----- RECORDED DATA
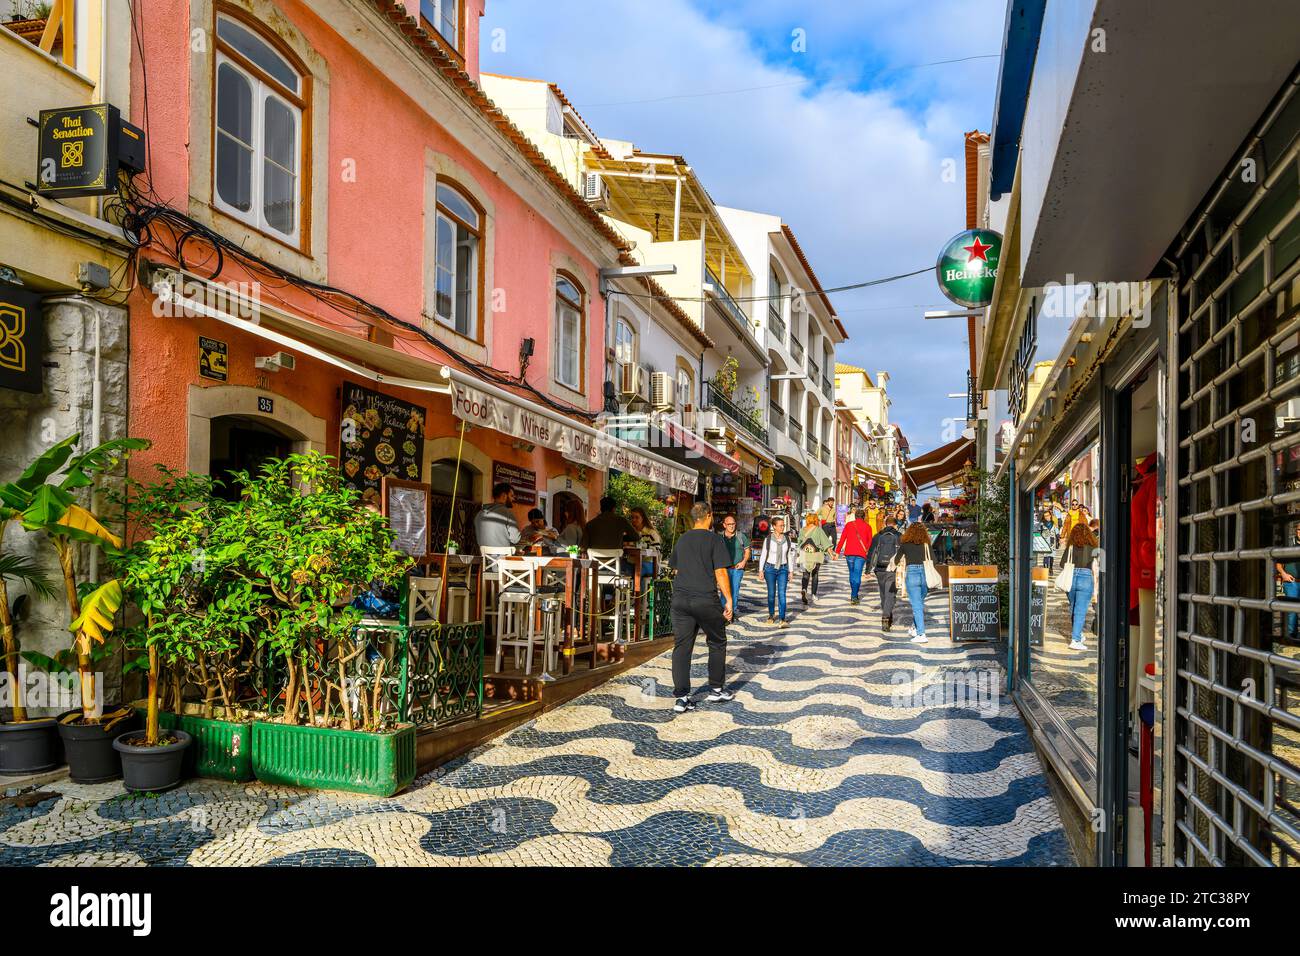 Une rue animée de boutiques et de cafés de trottoir avec des carreaux de pavé traditionnels Calcada en mosaïque dans la vieille ville de la ville balnéaire de Cascais, Portugal. Banque D'Images
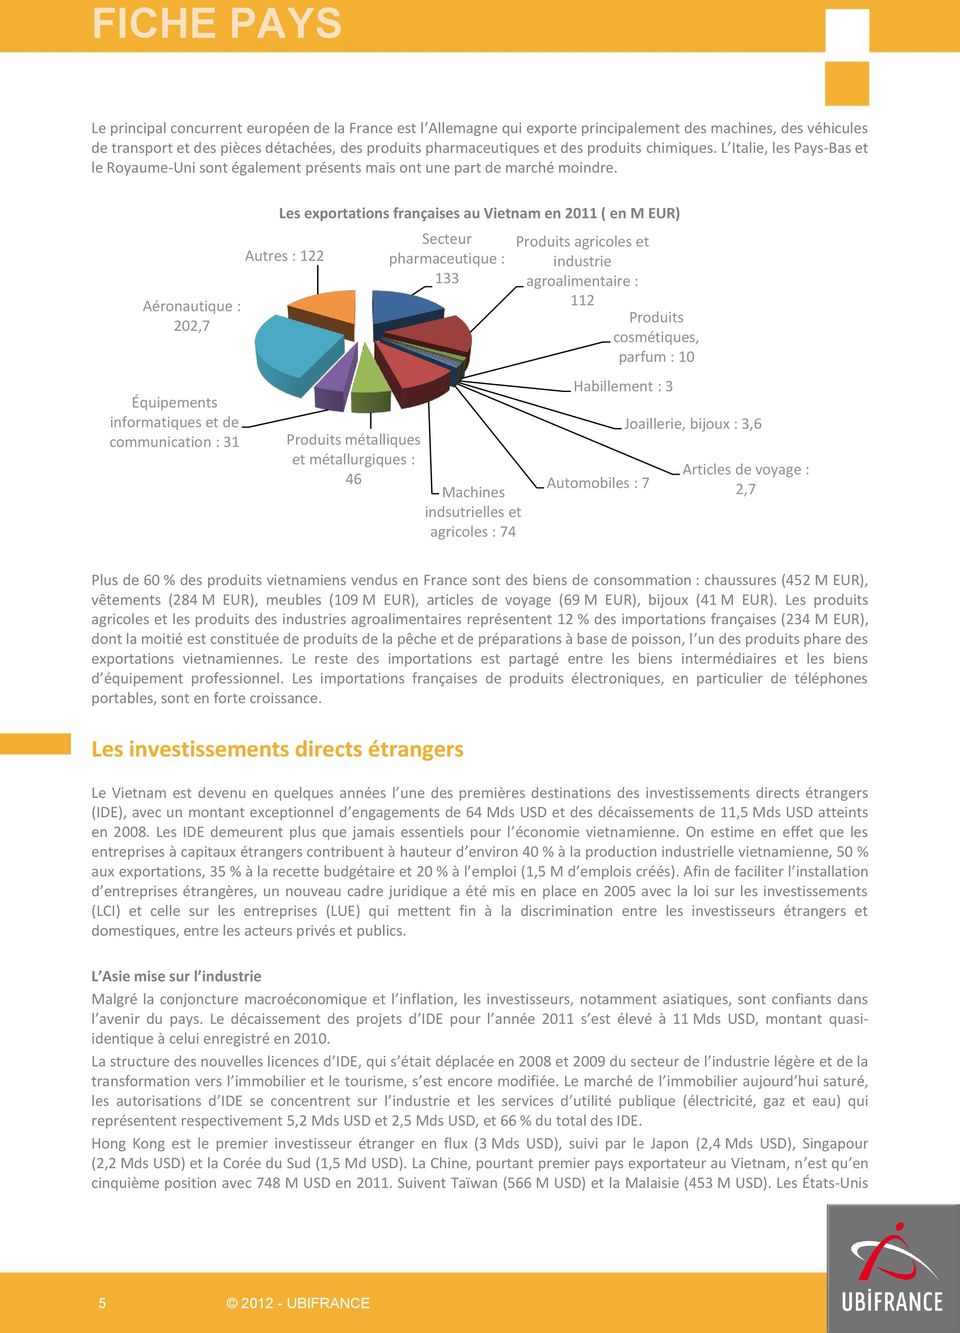 Aéronautique : 202,7 Équipements informatiques et de communication : 31 Les exportations françaises au en 2011 ( en M EUR) Autres : 122 Produits métalliques et métallurgiques : 46 Secteur
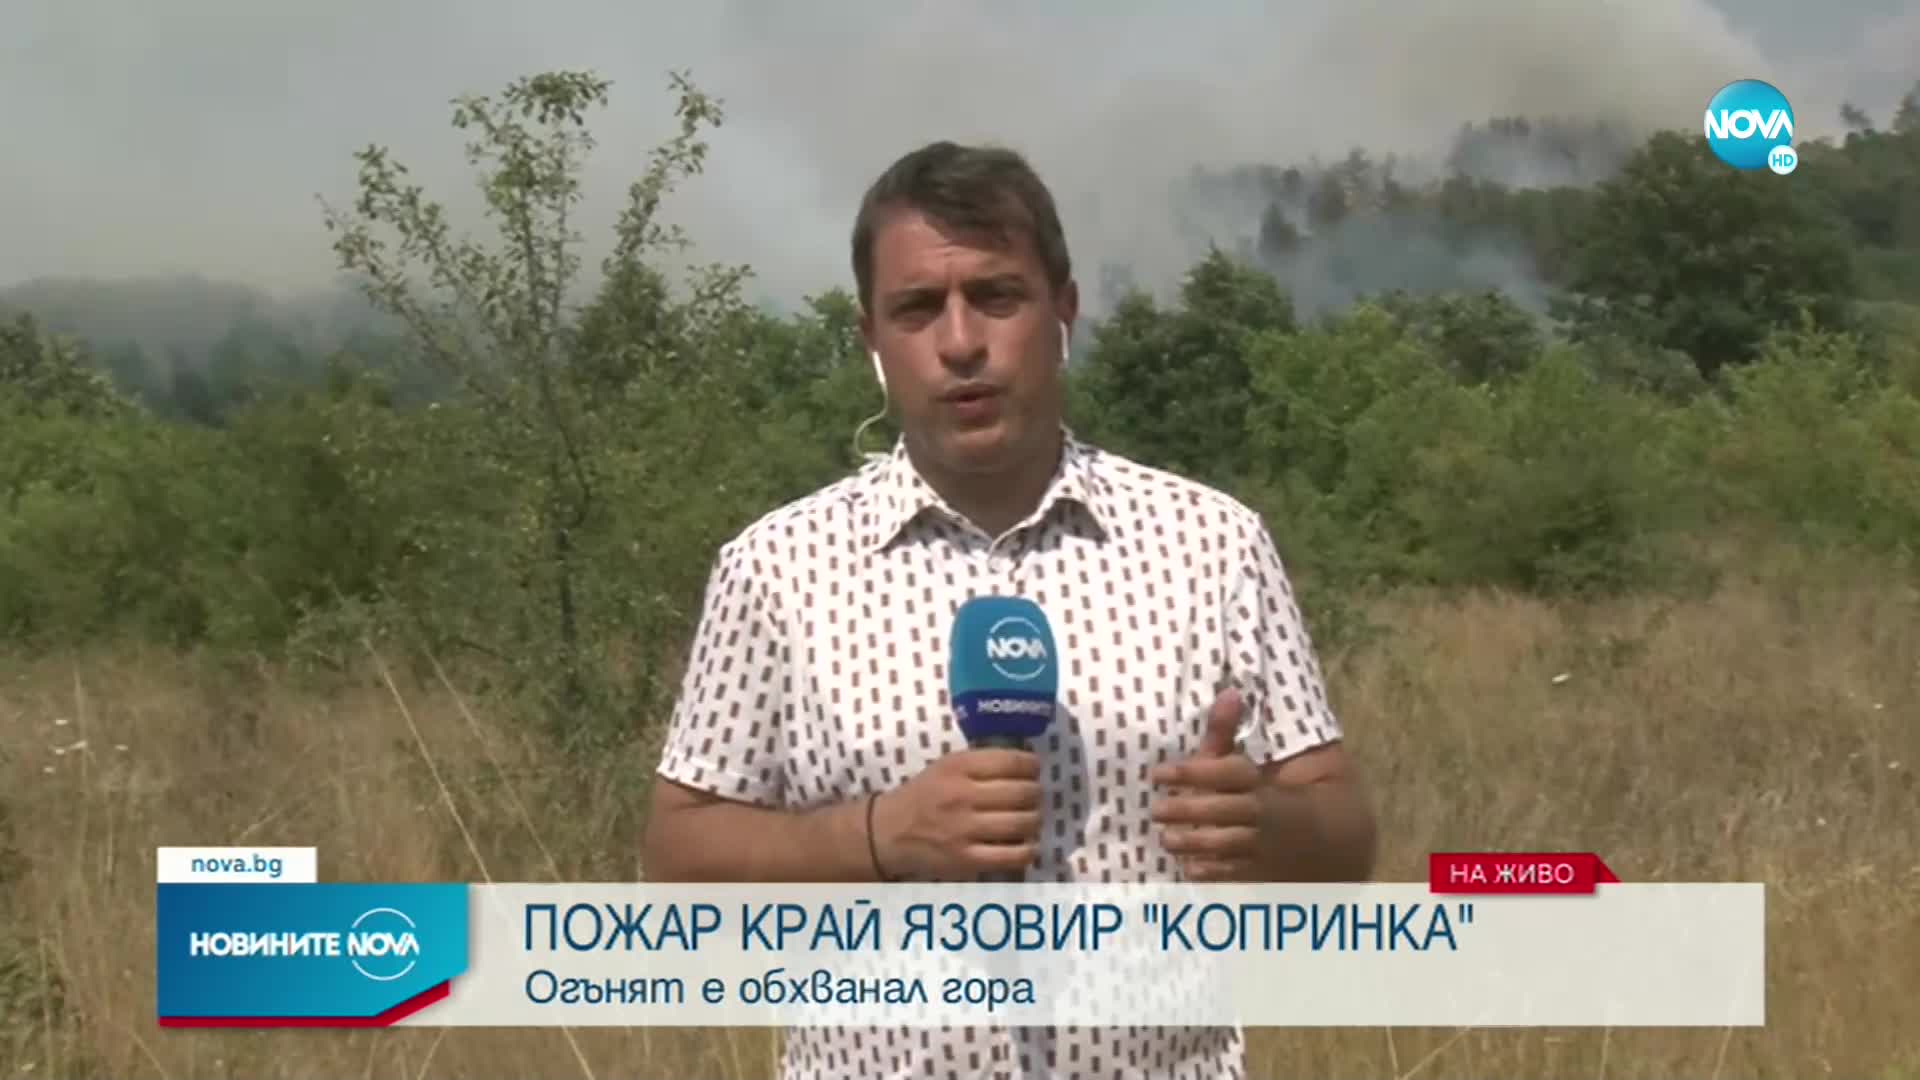 Огромен пожар бушува край язовир "Копринка"
----------
WORK INSTRUCTIONS. All the lines above should be reproduced exactly, and none of the pictures.

RESPONSE.
 Une rue animée de boutiques et de cafés de trottoir avec des carreaux de pavé traditionnels Calcada en mosaïque dans la vieille ville de la ville balnéaire de Cascais, Portugal. Banque D'Images
 Aéronautique : 202,7 Équipements informatiques et de communication : 31 Les exportations françaises au en 2011 ( en M EUR) Autres : 122 Produits métalliques et métallurgiques : 46 Secteur
 Огромен пожар бушува край язовир "Копринка"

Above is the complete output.